I read that doing a & 0x7fffffff masks just the sign bit and doesn't tampers with the other bits.

int a = Integer.MIN_VALUE;
System.out.println(a & 0x7fffffff);

But, this code outputs

0

instead of

2147483648

Why is that?

java
bit
operations
asked on Stack Overflow Oct 1, 2015 by user3824413 • edited Oct 1, 2015 by T.J. Crowder

2 Answers

5

Negative numbers in Java are stored as twos complement. So a min value has sign bit set and all others not set. So what you do is:

  10000000000000000000000000000000
& 01111111111111111111111111111111

When you clear the sign bit you get zero.
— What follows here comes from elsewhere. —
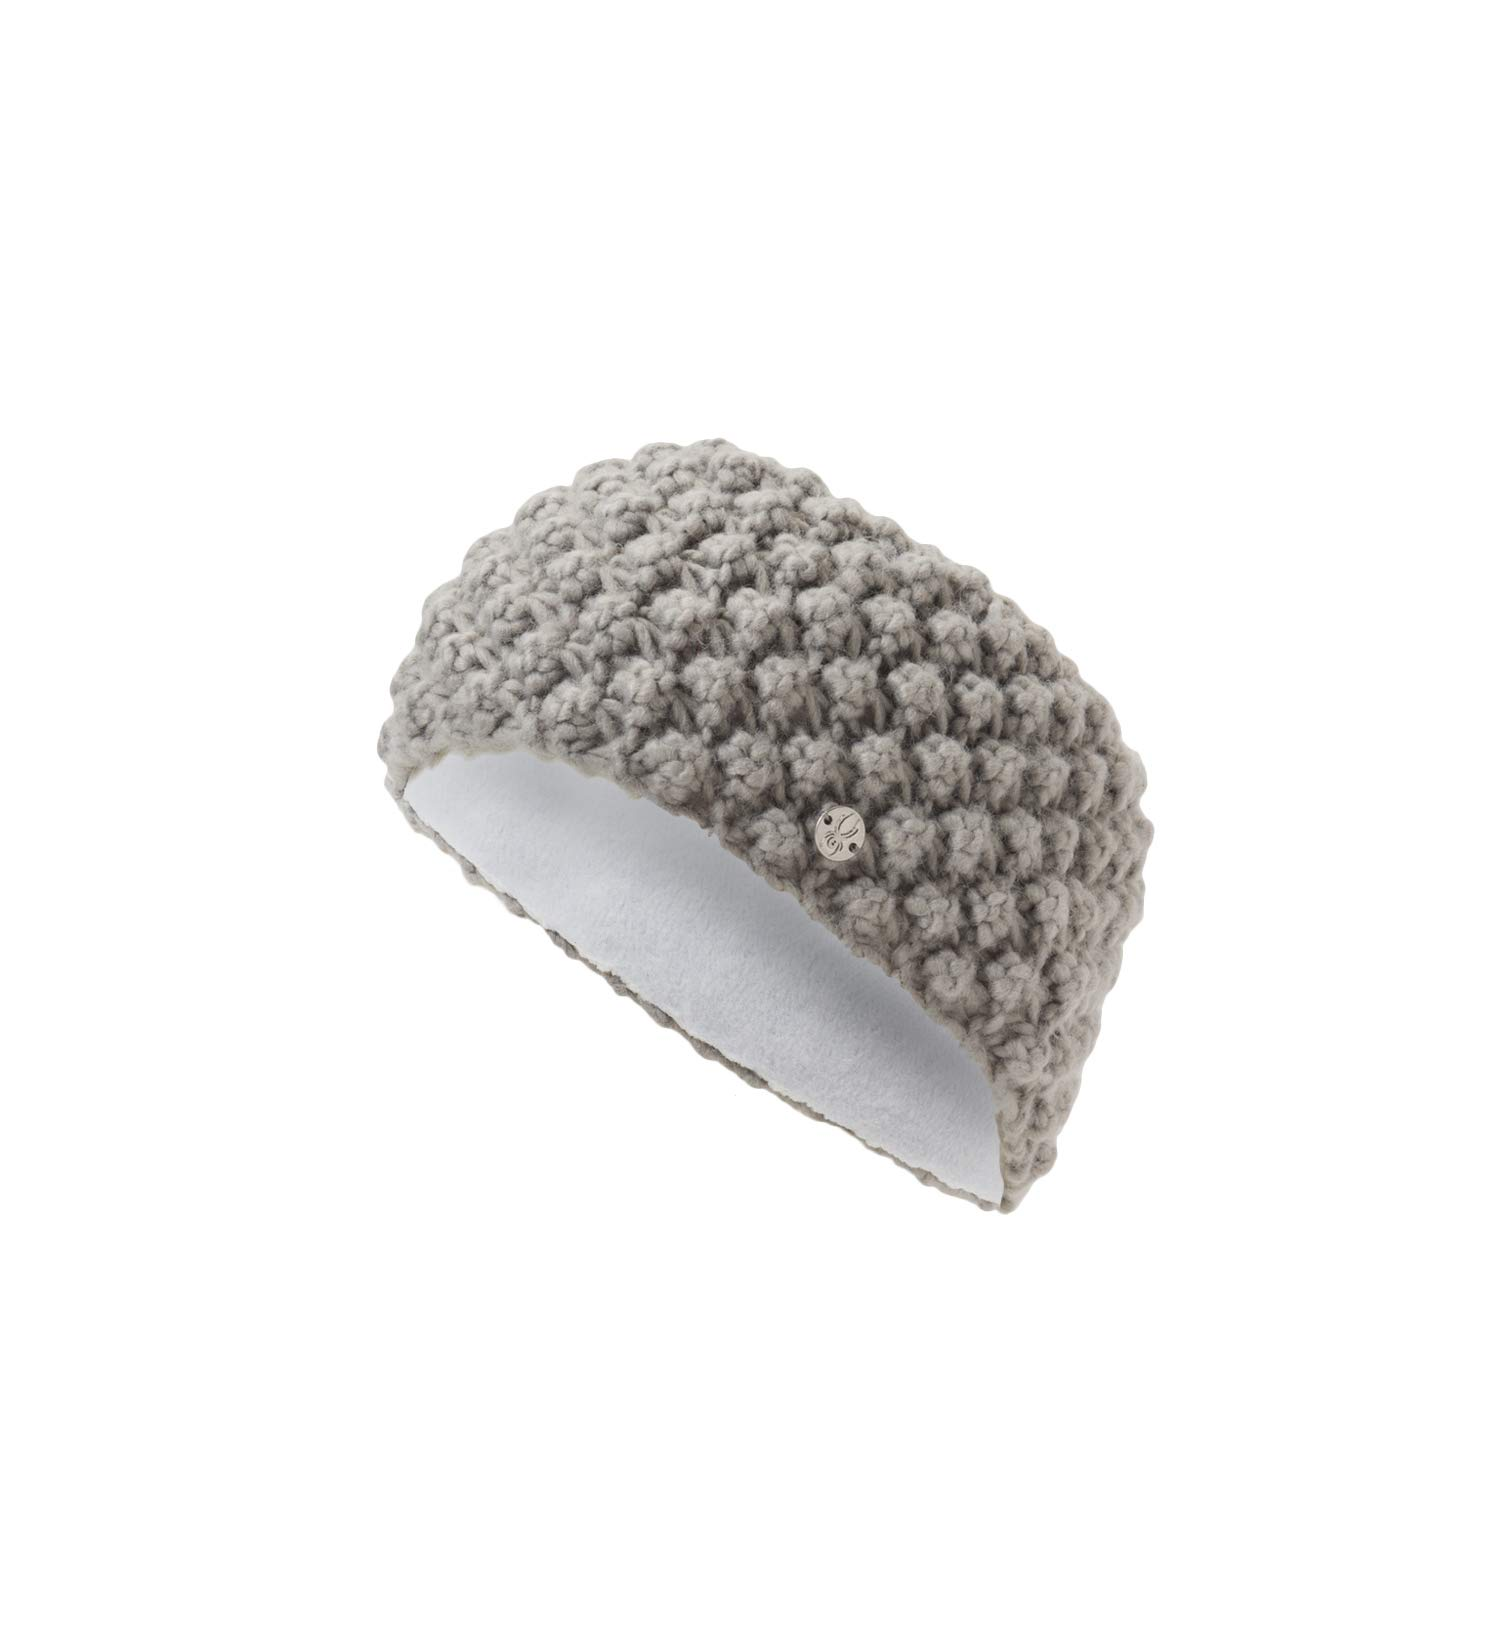 Spyder Women's Brrr Berry Headband, Alloy/Alloy, One Size by Spyder

  00000000000000000000000000000000

Source: https://en.wikipedia.org/wiki/Two%27s_complement

answered on Stack Overflow Oct 1, 2015 by Krzysztof Krasoń • edited Oct 1, 2015 by Krzysztof Krasoń
1

Removing the most significant bit makes sure you get a non-negative value. It does not ensure that the result is positive. (0 is non-negative as well.) Neither does it make sure that you get the absolute value of the negative value. (Which you never get.)

Actually it will result in the following value for any negative int value: negative_value - Integer.MIN_VALUE.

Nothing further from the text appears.